**EXERCISE DATA**
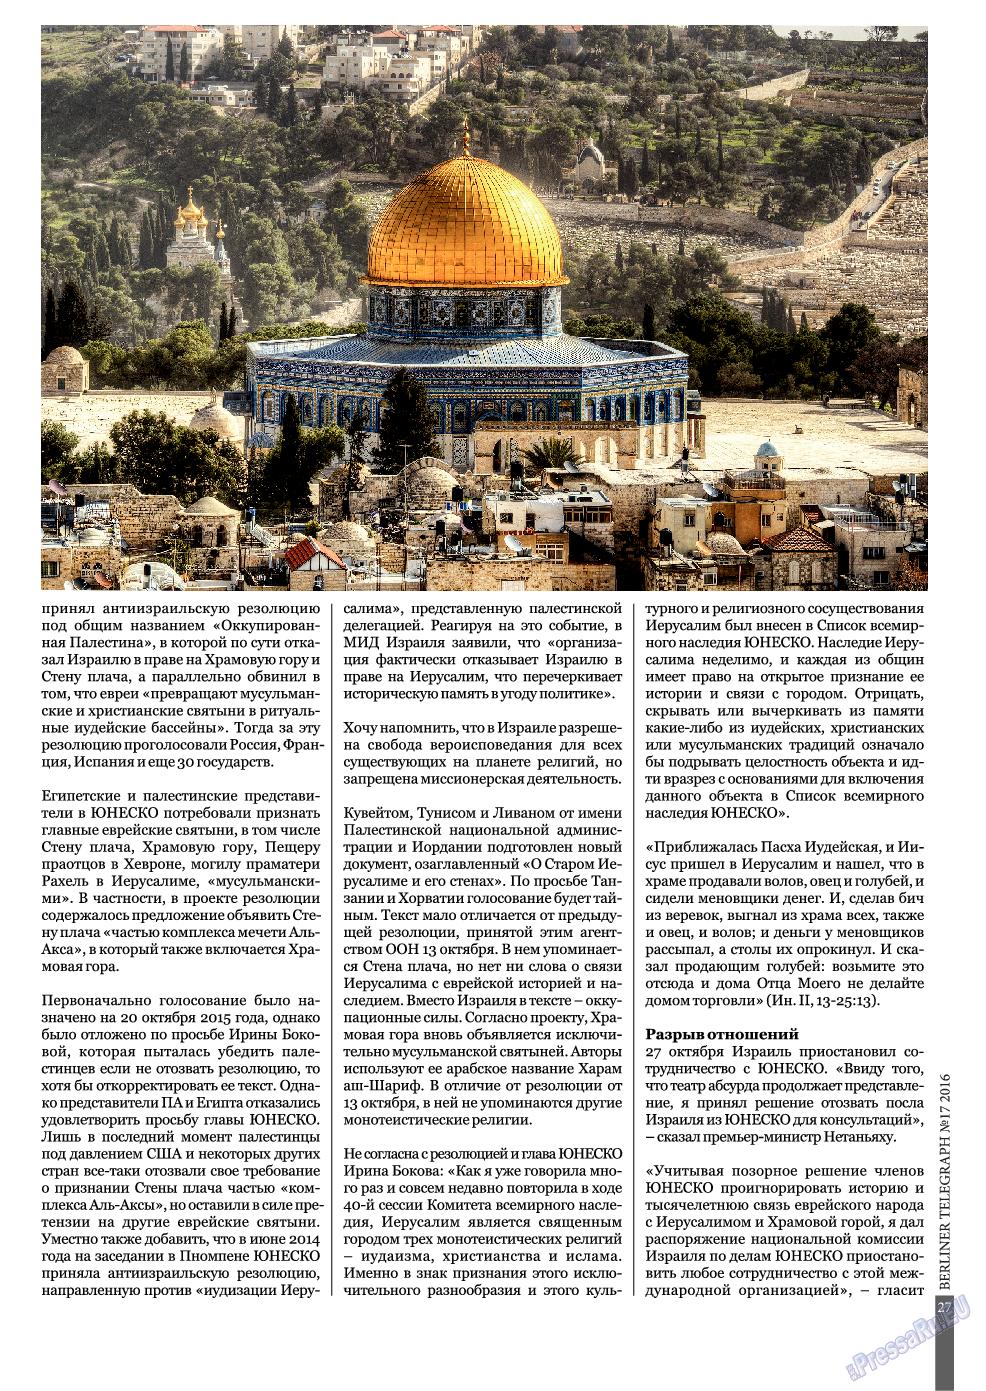 Берлинский телеграф (журнал). 2016 год, номер 17, стр. 27
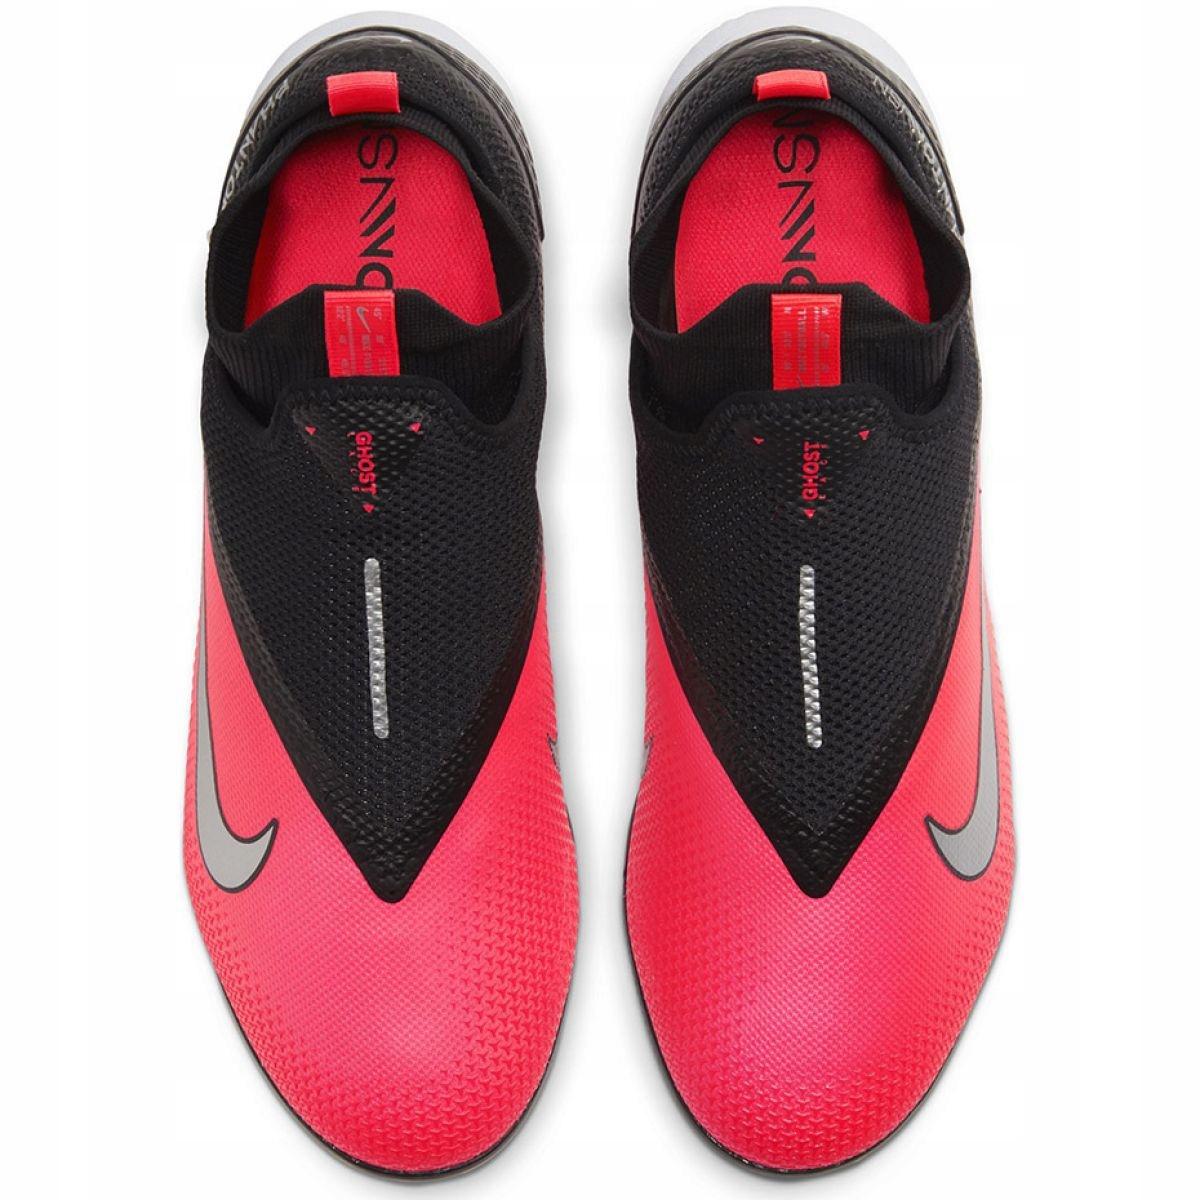 Tênis de corrida Nike React Phantom Vsn 2 Pro Df Ic M CD4170 606 vermelho vermelho
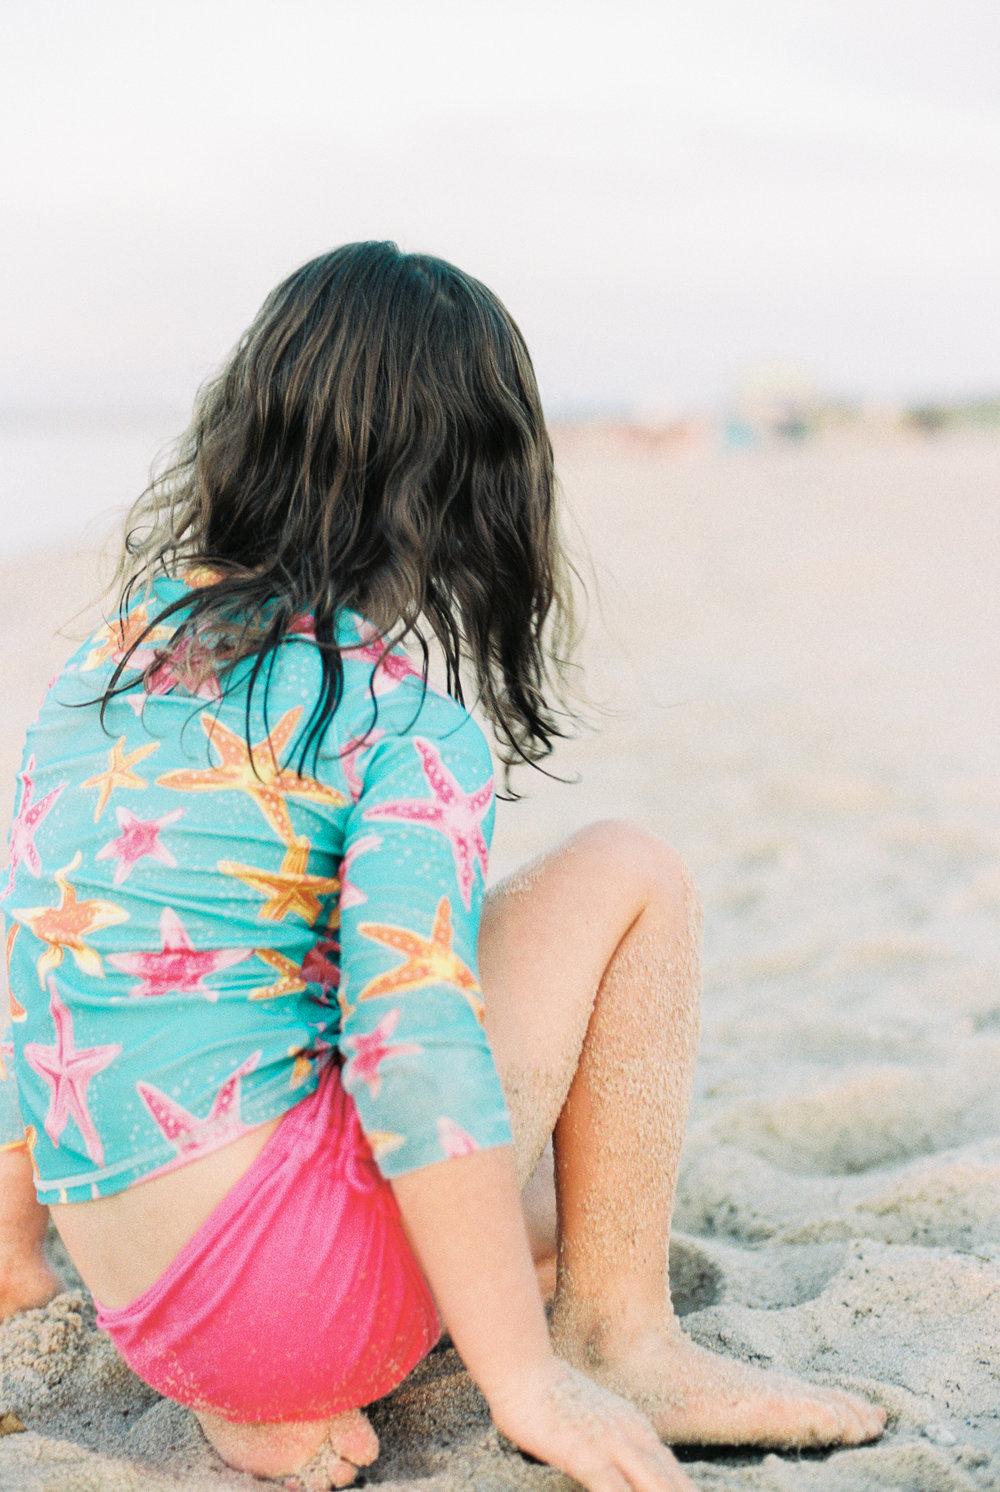 Maryland-Delaware-Beach-Lifestyle-Photographer-Lewes-Photos-By-Breanna-Kuhlmann-10.jpg

**TASK ITEM**
Could you transcribe all of the data exactly and omit the pictures?

**EXPECTED ANSWER**
 Берлинский телеграф (журнал). 2016 год, номер 17, стр. 27
 Tênis de corrida Nike React Phantom Vsn 2 Pro Df Ic M CD4170 606 vermelho vermelho
 Maryland-Delaware-Beach-Lifestyle-Photographer-Lewes-Photos-By-Breanna-Kuhlmann-10.jpg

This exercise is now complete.